NASB Now among them from the sons of Judah were Daniel, Hananiah, Mishael, and Azariah.
CSB Among them, from the Judahites, were Daniel, Hananiah, Mishael, and Azariah.
NLT Daniel, Hananiah, Mishael, and Azariah were four of the young men chosen, all from the tribe of Judah.
KJV Now among these were of the children of Judah, Daniel, Hananiah, Mishael, and Azariah:

What does Daniel 1:6 mean?

Only four of the children taken into Nebuchadnezzar's reeducation program (Daniel 1:3–5) are mentioned by name. There would have been others, but these are the only ones who factor directly into Daniel's story. These were descendants of Jewish royalty taken, in part, so they could be molded into mediators between Israel and their Babylonian captors. These four boys are identified as members of the tribe of Judah, the same tribe as David and the Messiah, Jesus Christ (1 Samuel 17:12; Luke 3:23–38; Revelation 5:5; 22:16). Each carries a birth name referring to the God of Israel, but their new masters will assign them names tied to Babylonian religion:

Daniye'l, or "Daniel," means "God is my judge." His given Babylonian name will be Beltasha'tstsar, or "Belteshazzar," a call for protection from the false god Bel, or possibly "Lord of the straightened's treasure."

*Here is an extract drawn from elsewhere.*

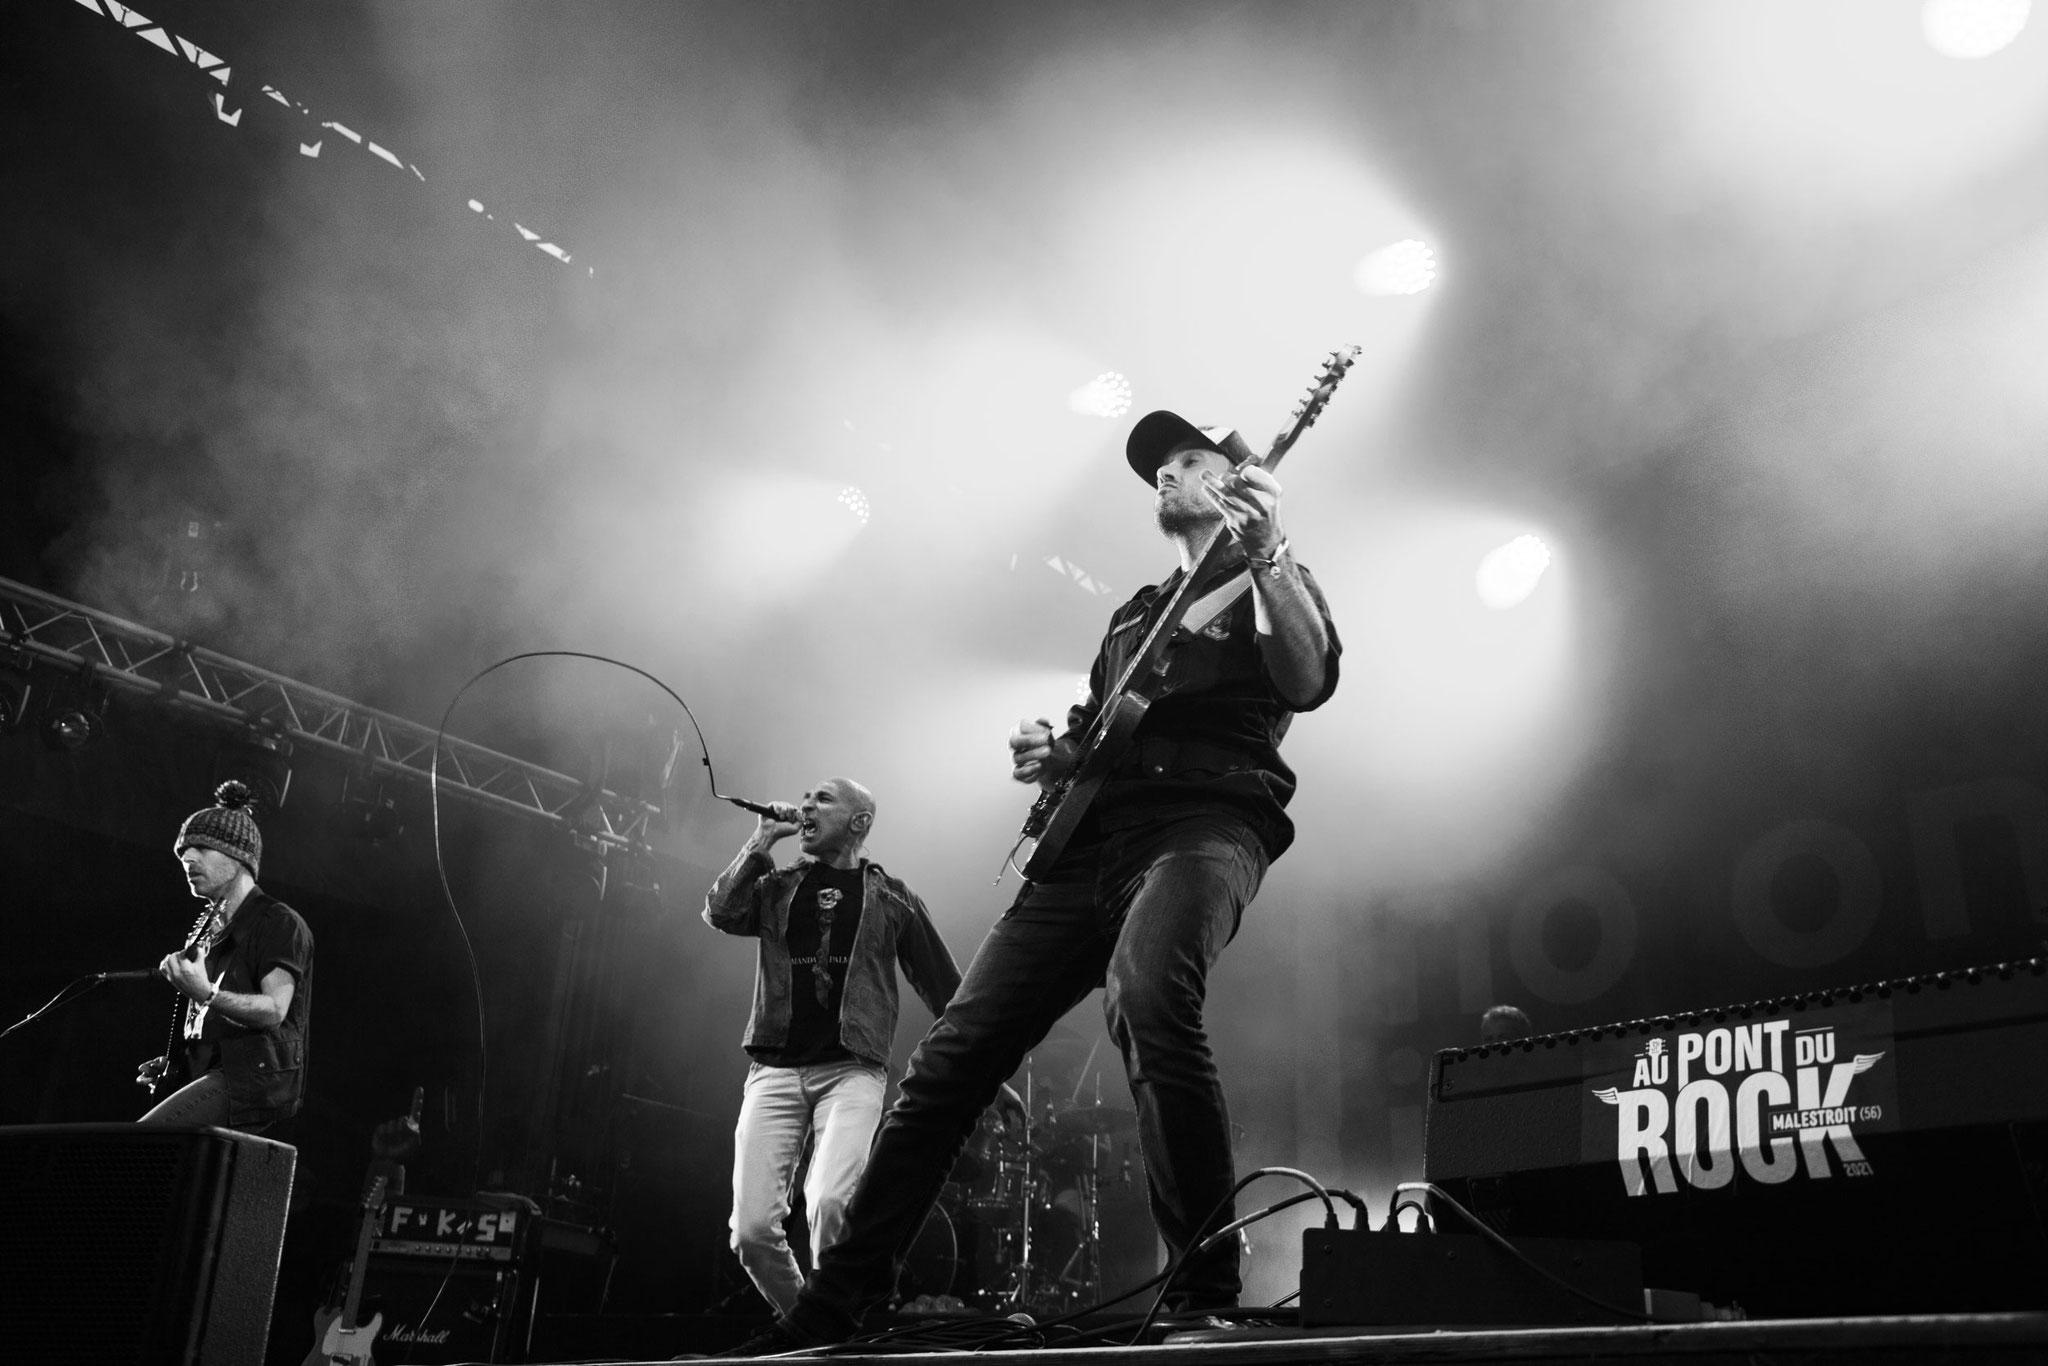 No One Is Innocent - Festival Au Pont du Rock 2021. ©Clémence Rougetet

Chananyah, or "Hananiah," means "Yahweh has favored." His assigned pagan name will be Sadrak', or "Shadrach," possibly a reference to the false god Marduk, or as meaning "decree of the moon-god" or "I fear a god."

Miysha'el, or "Mishael," means "who is what God is?" This is similar to the name Miyka'el, or "Michael," which means "who is like God?" His new designation will be Meyshak, or "Meshach," meaning "guest of a king," or perhaps "I am humble before a god."

'Azaryah, or "Azariah," means "Yahweh has helped." He will be given the Babylonian name 'Abed Nagow, or "Abed-nego," meaning "servant of Nebo," in reference to the son of the Babylonian deity Marduk.

All four captives will demonstrate that names, themselves, do not define a person's destiny. Daniel will be renowned for his faithfulness to God (Ezekiel 14:14, 20; Daniel 6), only using the new Babylonian name is his book when others apply it to him. The other captives, most famously known be their new names of Shadrach, Meshach, and Abednego, will feature in a classic story about bravery in the face of persecution (Daniel 3).